ACTIVITY
Give the listing again word for word. Leave every image out.

SOURCE DATA
□ □ □ □
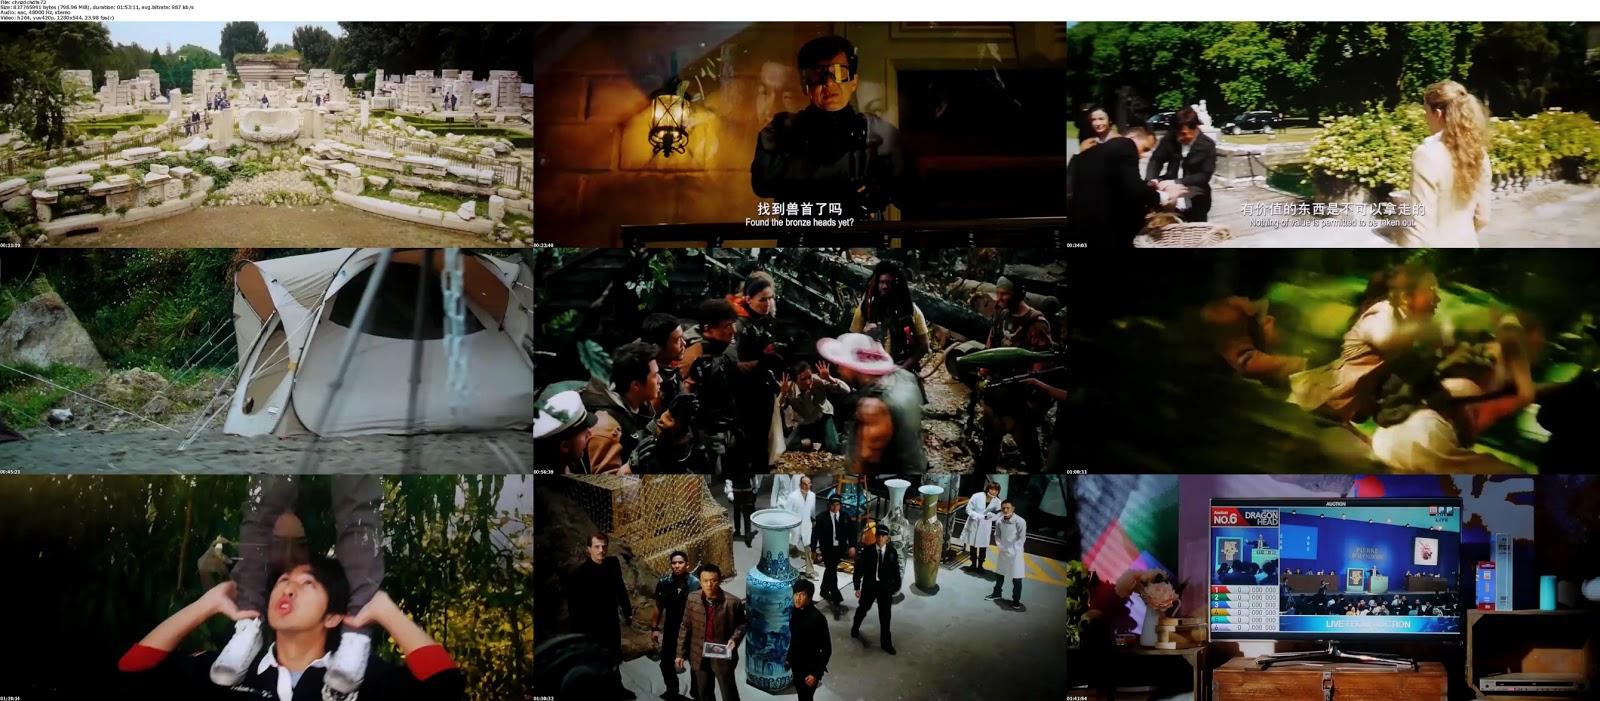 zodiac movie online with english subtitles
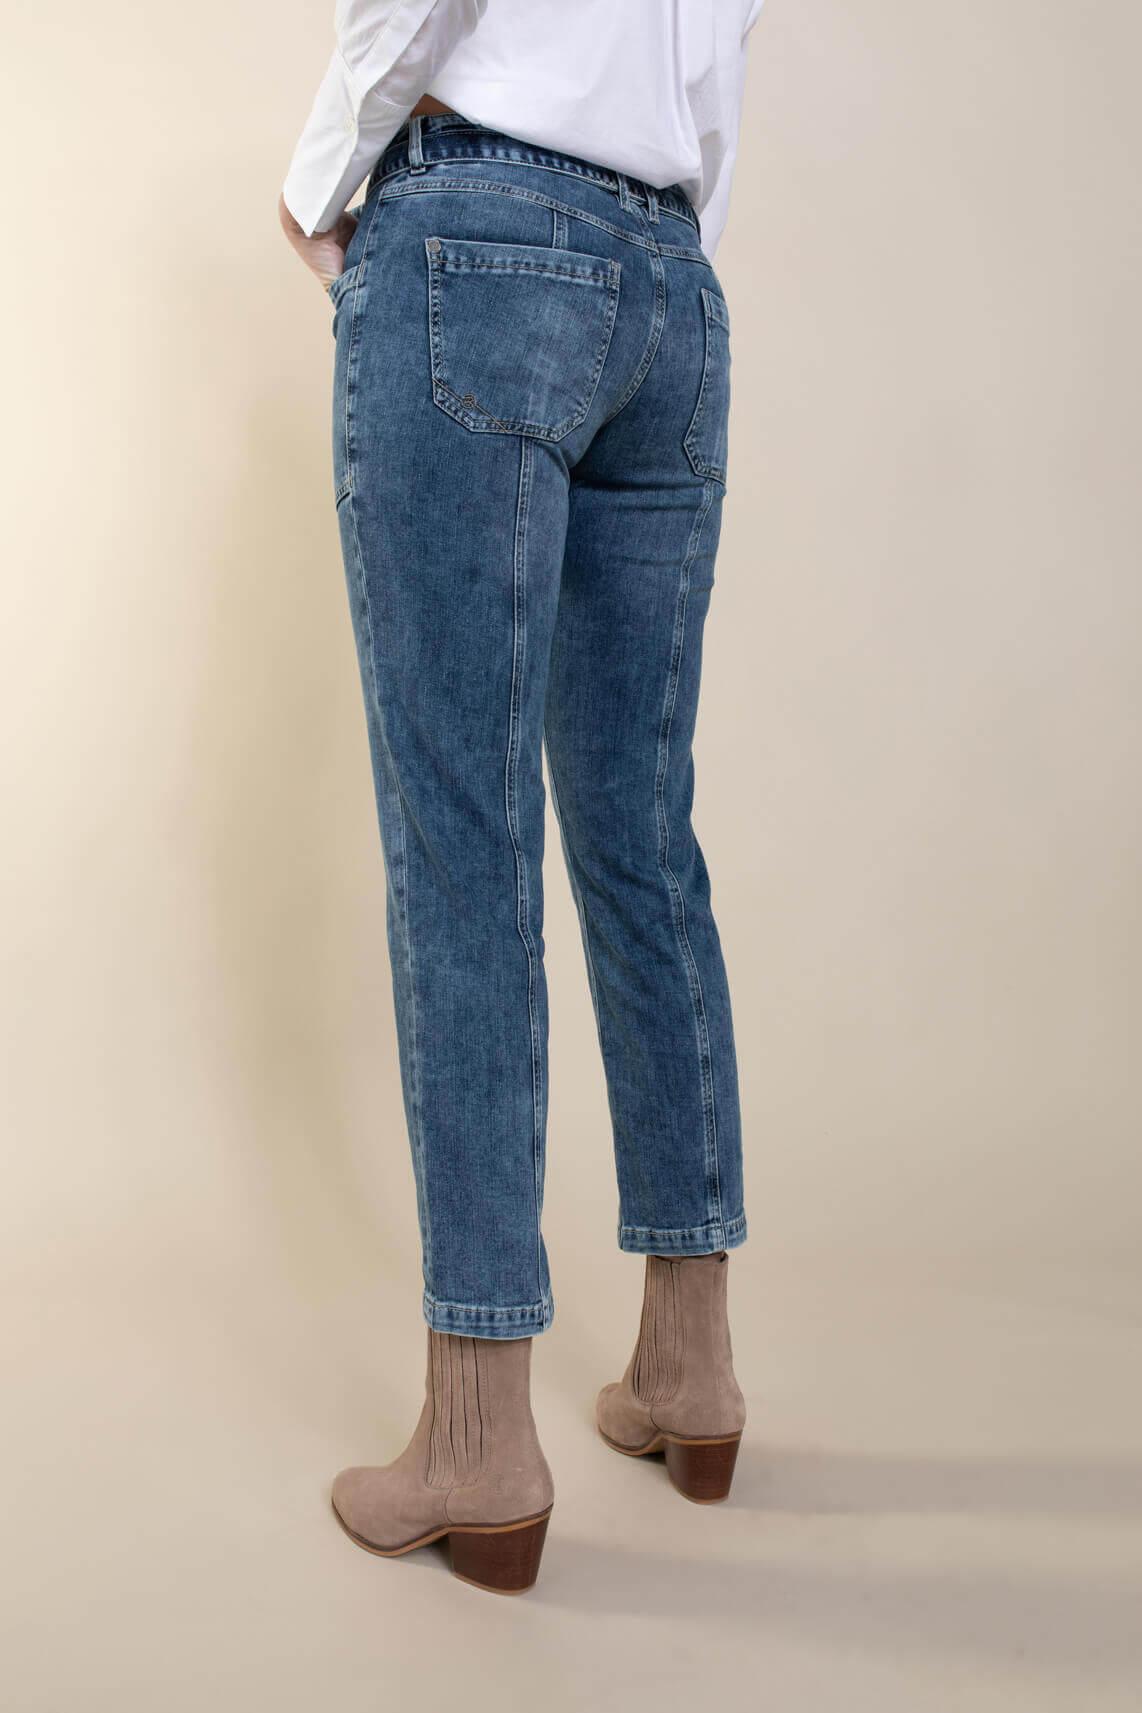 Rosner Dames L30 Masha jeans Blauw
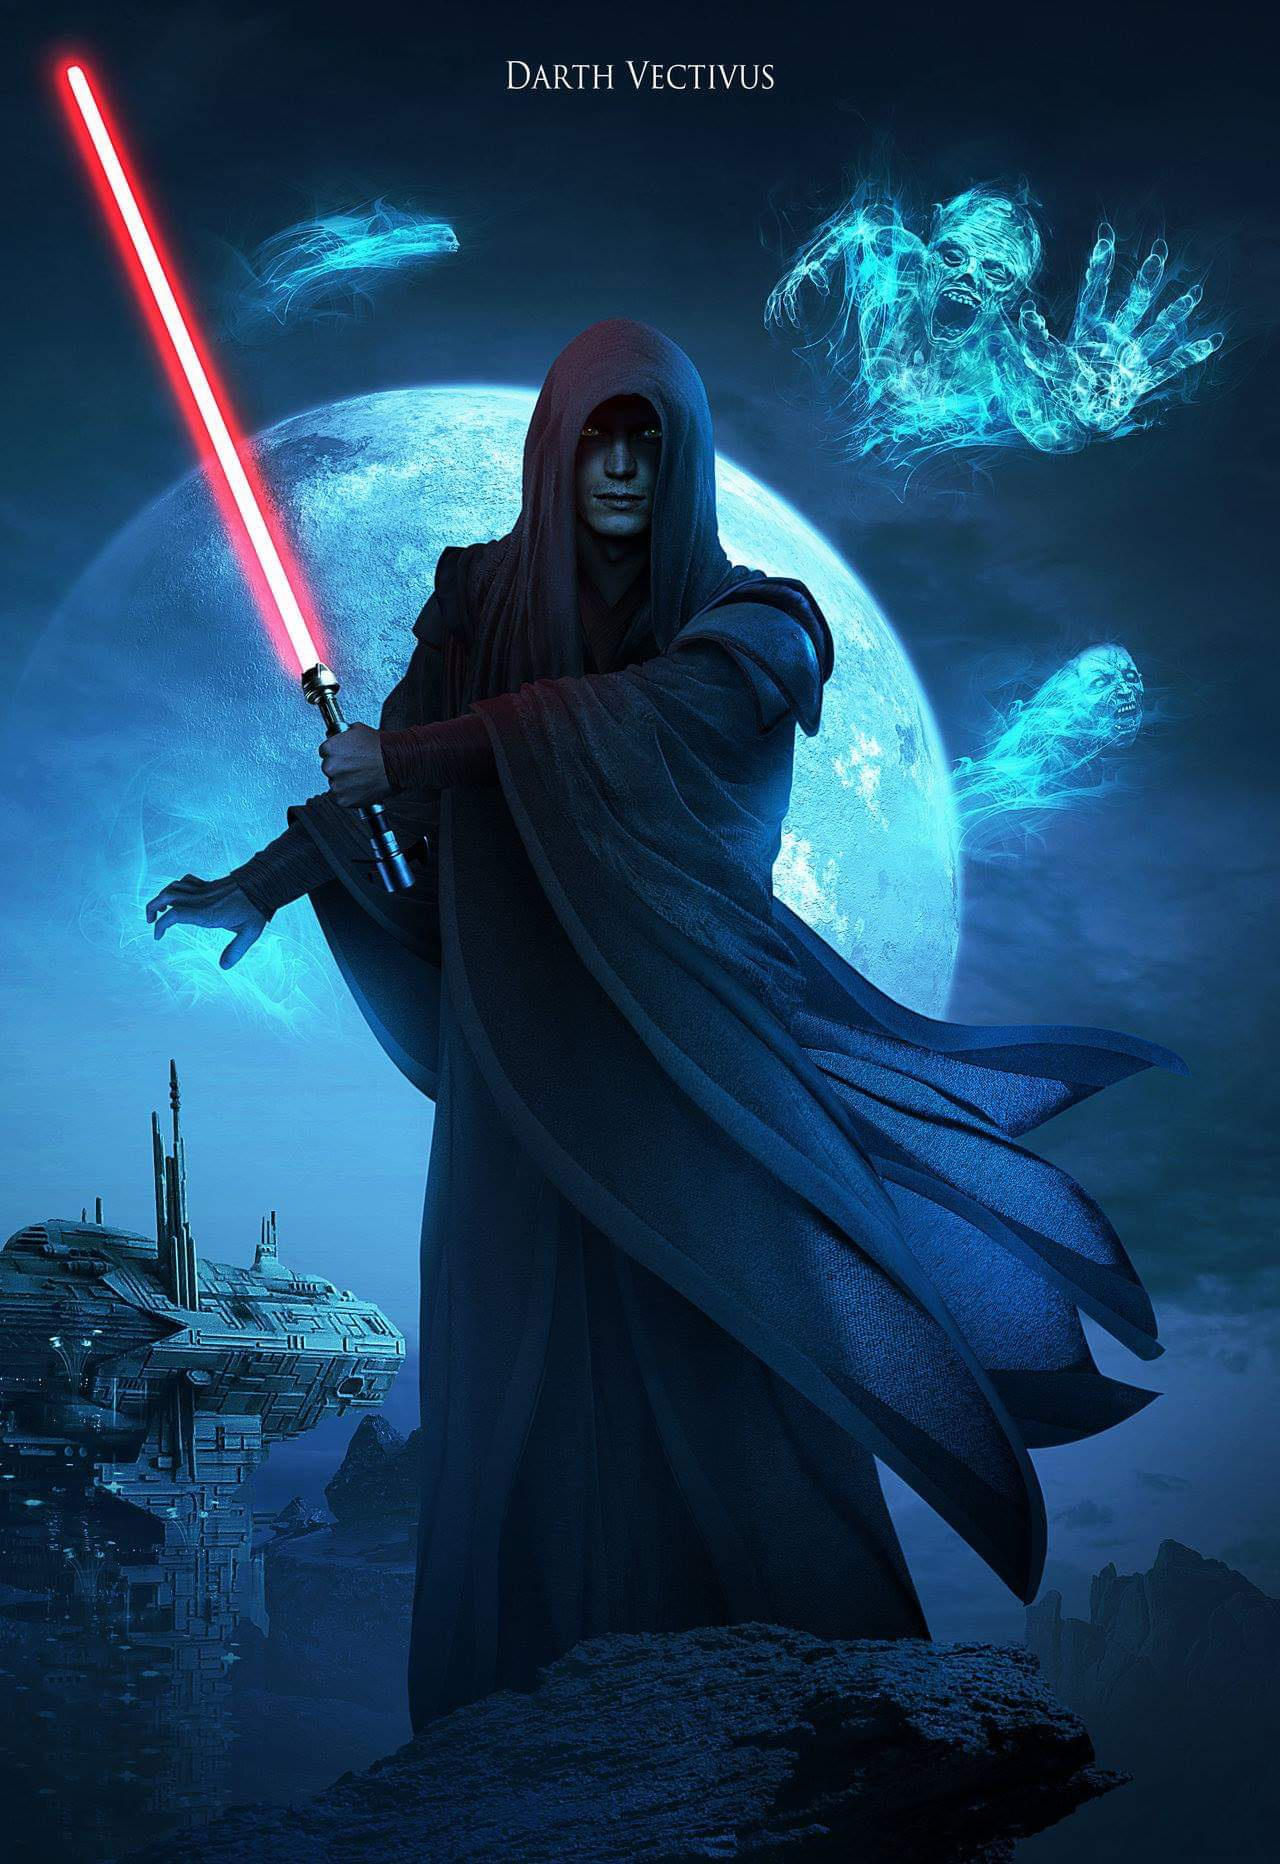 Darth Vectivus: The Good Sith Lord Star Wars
□ □ □ □
EXERCISE SOLUTION
 zodiac movie online with english subtitles
 Rosner Dames L30 Masha jeans Blauw
 Darth Vectivus: The Good Sith Lord Star Wars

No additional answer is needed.